Interpreting cortical bone adaptation and load history by quantifying osteon morphotypes in circularly polarized light images

Birefringence variations in circularly polarized light (CPL) images of thin plane-parallel sections of cortical bone can be used to quantify regional differences in predominant collagen fiber orientation (CFO). Using CPL images of equine third metacarpals (MC3s), R.B. Martin, V.A. Gibson, S.M. Stover, J.C. Gibeling, and L.V. Griffin. (40) described six secondary osteon variants (‘morphotypes’) and suggested that differences in their regional prevalence affect fatigue resistance and toughness. They devised a numerical osteon morphotype score (MTS) for quantifying regional differences in osteon morphotypes. We have observed that a modification of this score could significantly improve its use for interpreting load history. We hypothesized that our modified osteon MTS would more accurately reveal differences in osteon MTSs between opposing “tension” and “compression” cortices of diaphyses of habitually bent bones. This was tested using CPL images in transverse sections of calcanei from sheep, deer, and horses, and radii from sheep and horses. Equine MC3s and sheep tibiae were examined as controls because they experience comparatively greater load complexity that, because of increased prevalence of torsion/shear, would not require regional mechanical enhancements provided by different osteon morphotypes. Predominant CFO, which can reliably reflect adaptation for a regionally prevalent strain mode, was quantified as mean gray levels from birefringence of entire images (excluding pore spaces) in anterior, posterior, medial, and lateral cortices. Results showed that, in contrast to the original scoring scheme of Martin et al., the modified scheme revealed significant anterior/posterior differences in osteon MTSs in nearly all “tension/compression” bones (p < 0.0001), but not in equine MC3s (p = 0.30) and sheep tibiae (p = 0.35). Among habitually bent bones, sheep radii were the exception; relatively lower osteon populations and the birefringence of the primary bone contributed to this result.
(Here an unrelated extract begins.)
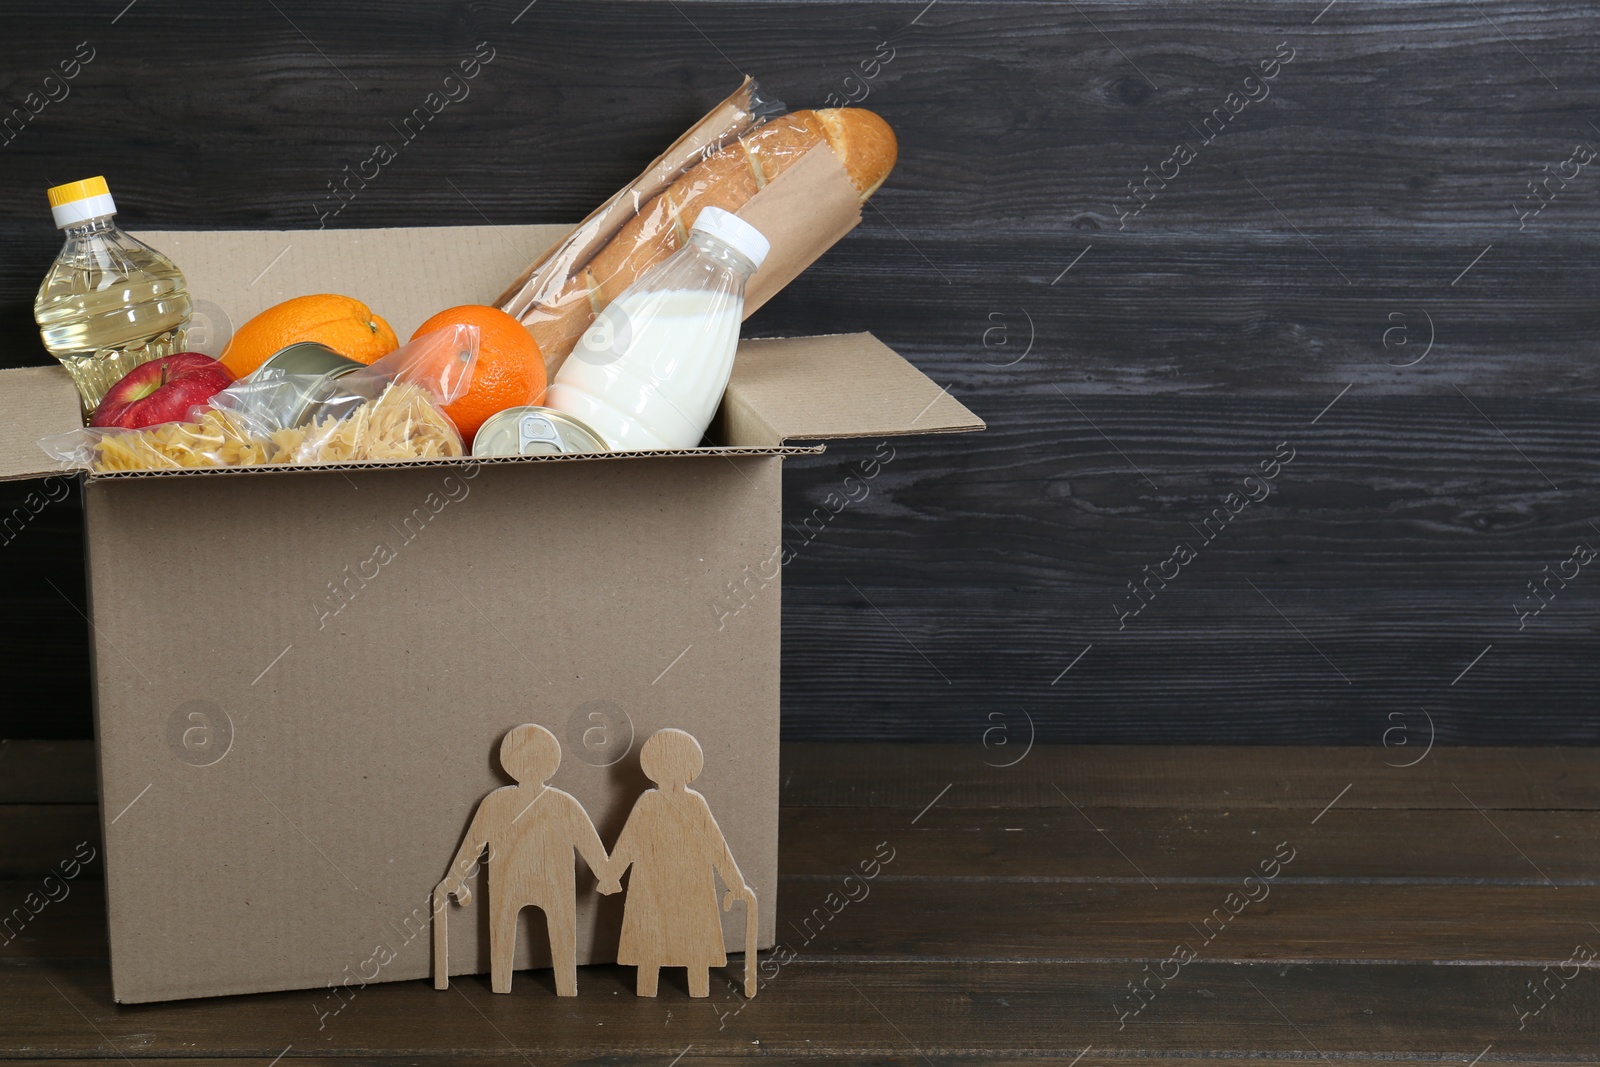 Photo of Humanitarian aid for elderly people. Cardboard box with donation food and figures of couple on wooden table, closeup
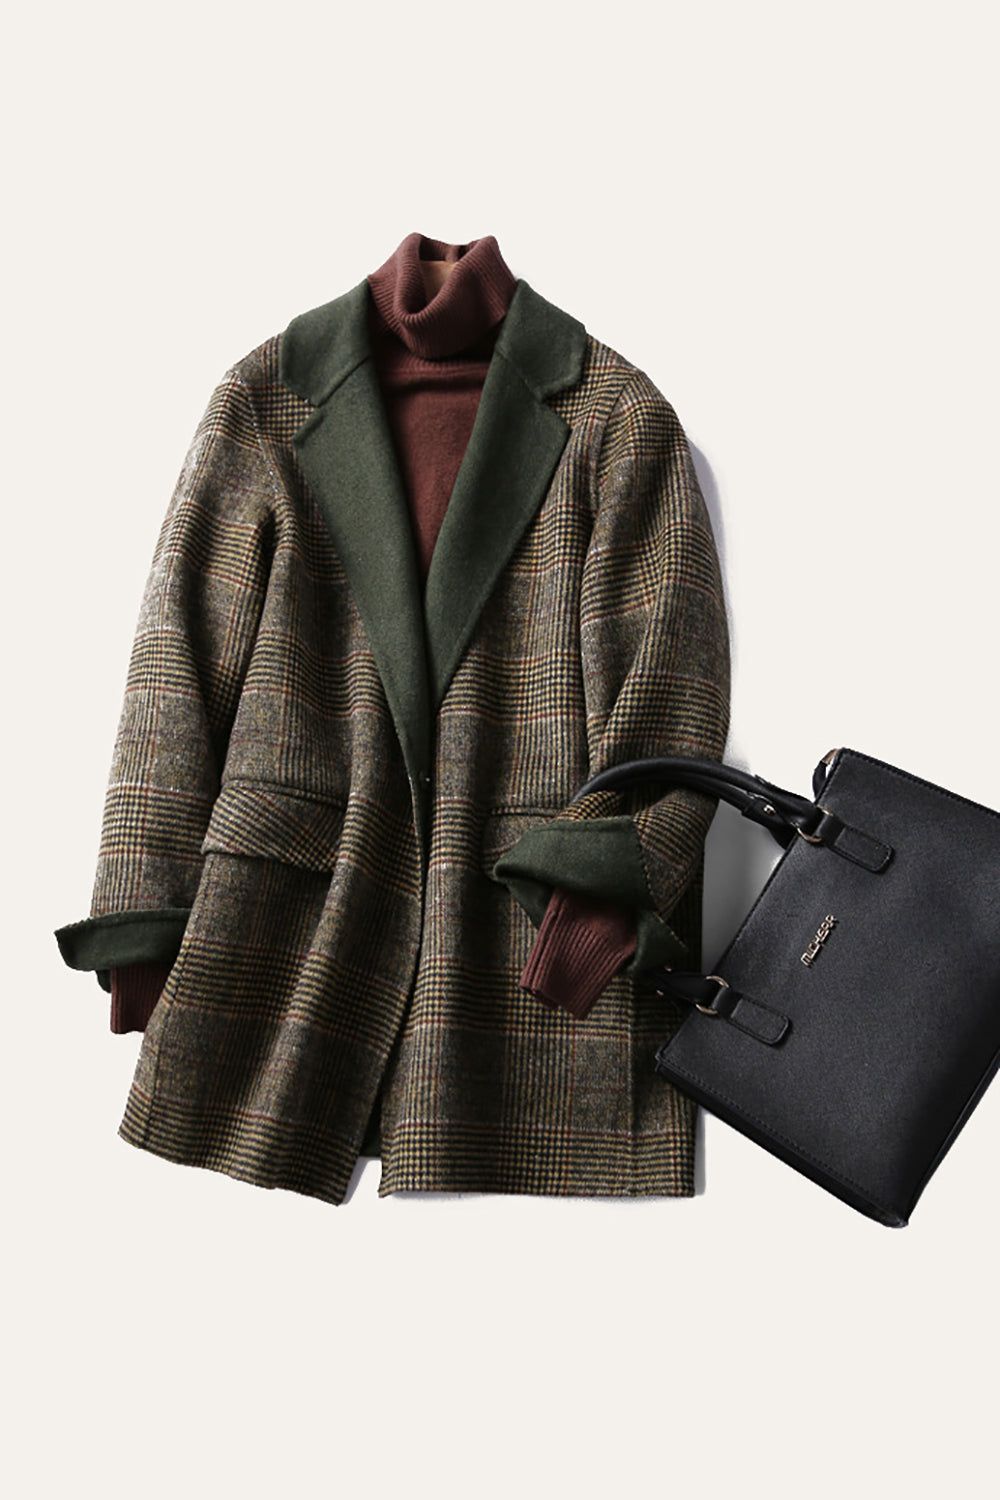 Latest trends of wool coats to look stylish

Correlations between osteon MTSs using the scoring scheme of Martin et al. with CFO data from all regions of each bone invariably demonstrated weak-to-moderate negative correlations. This contrasts with typically high positive correlations between modified osteon MTSs and regional CFO. These results show that the modified osteon MTS can be a strong correlate of predominant CFO and of the non-uniform strain distribution produced by habitual bending.